Problem description. Restate word for word the lines of the records below, starting at the line that contains "classeur rideau weng" and ending at the line that contains "雪寶擔任高點電視台新節目「台灣百味」主持人。記者曾吉松/攝影", with both of those lines included and nothing else.

Dataset content.
------------------------

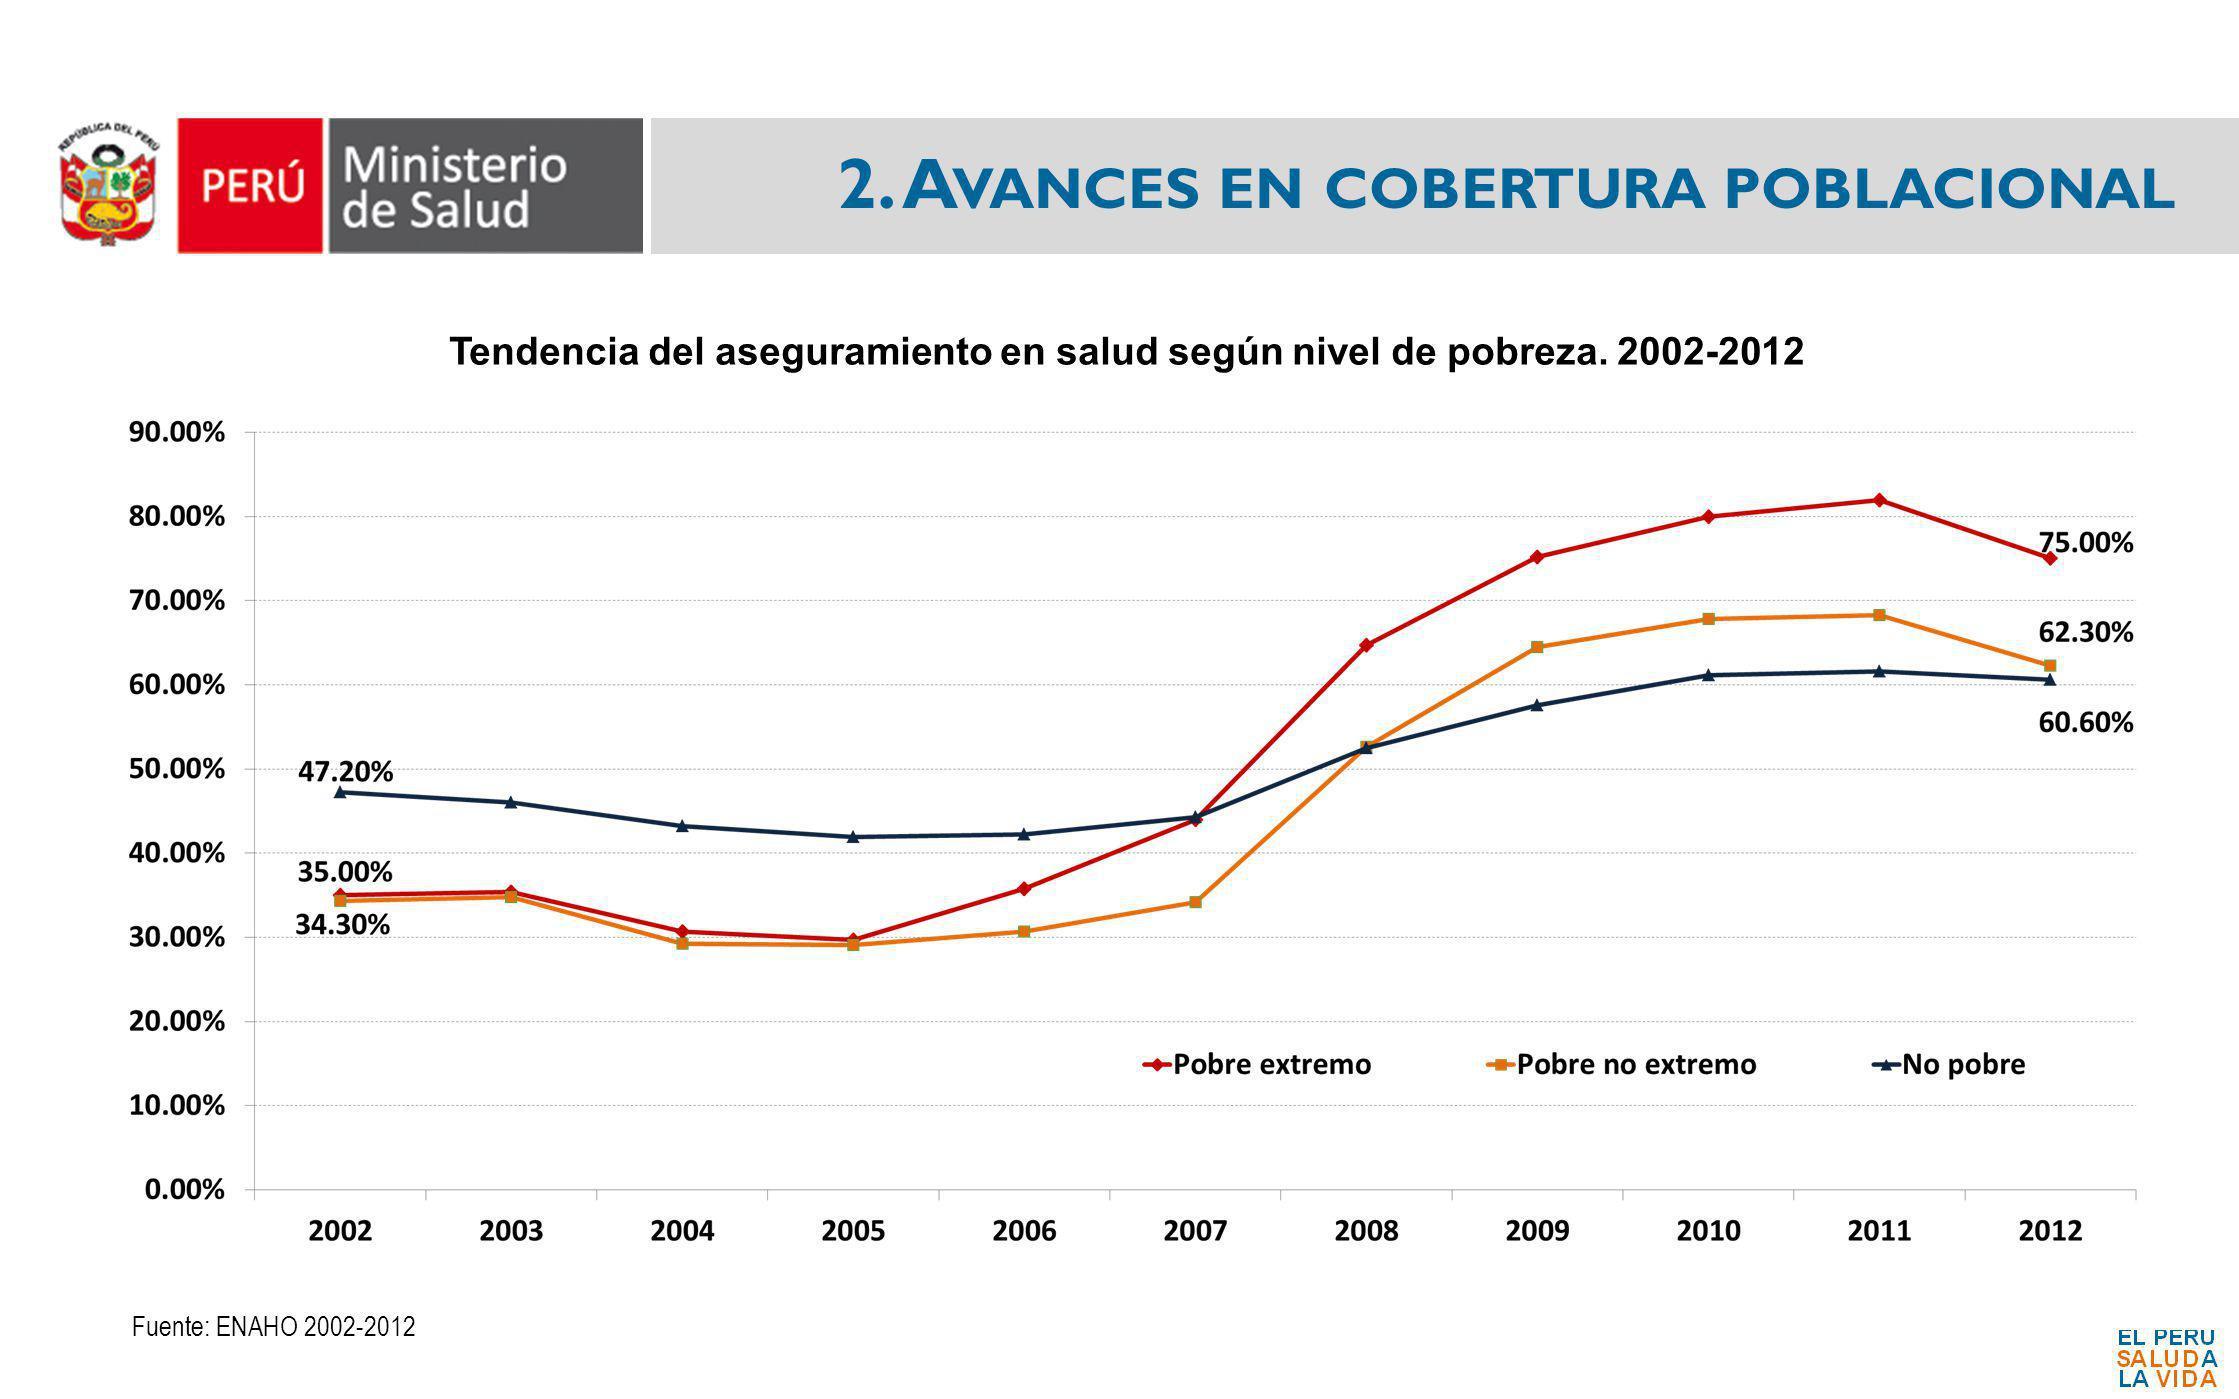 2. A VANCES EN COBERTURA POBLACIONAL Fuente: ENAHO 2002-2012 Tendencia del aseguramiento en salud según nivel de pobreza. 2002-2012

------------------------

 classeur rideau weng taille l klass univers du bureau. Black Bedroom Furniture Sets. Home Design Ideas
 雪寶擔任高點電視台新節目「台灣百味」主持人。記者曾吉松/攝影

------------------------

Output for this exercise.
 classeur rideau weng taille l klass univers du bureau. Black Bedroom Furniture Sets. Home Design Ideas
 雪寶擔任高點電視台新節目「台灣百味」主持人。記者曾吉松/攝影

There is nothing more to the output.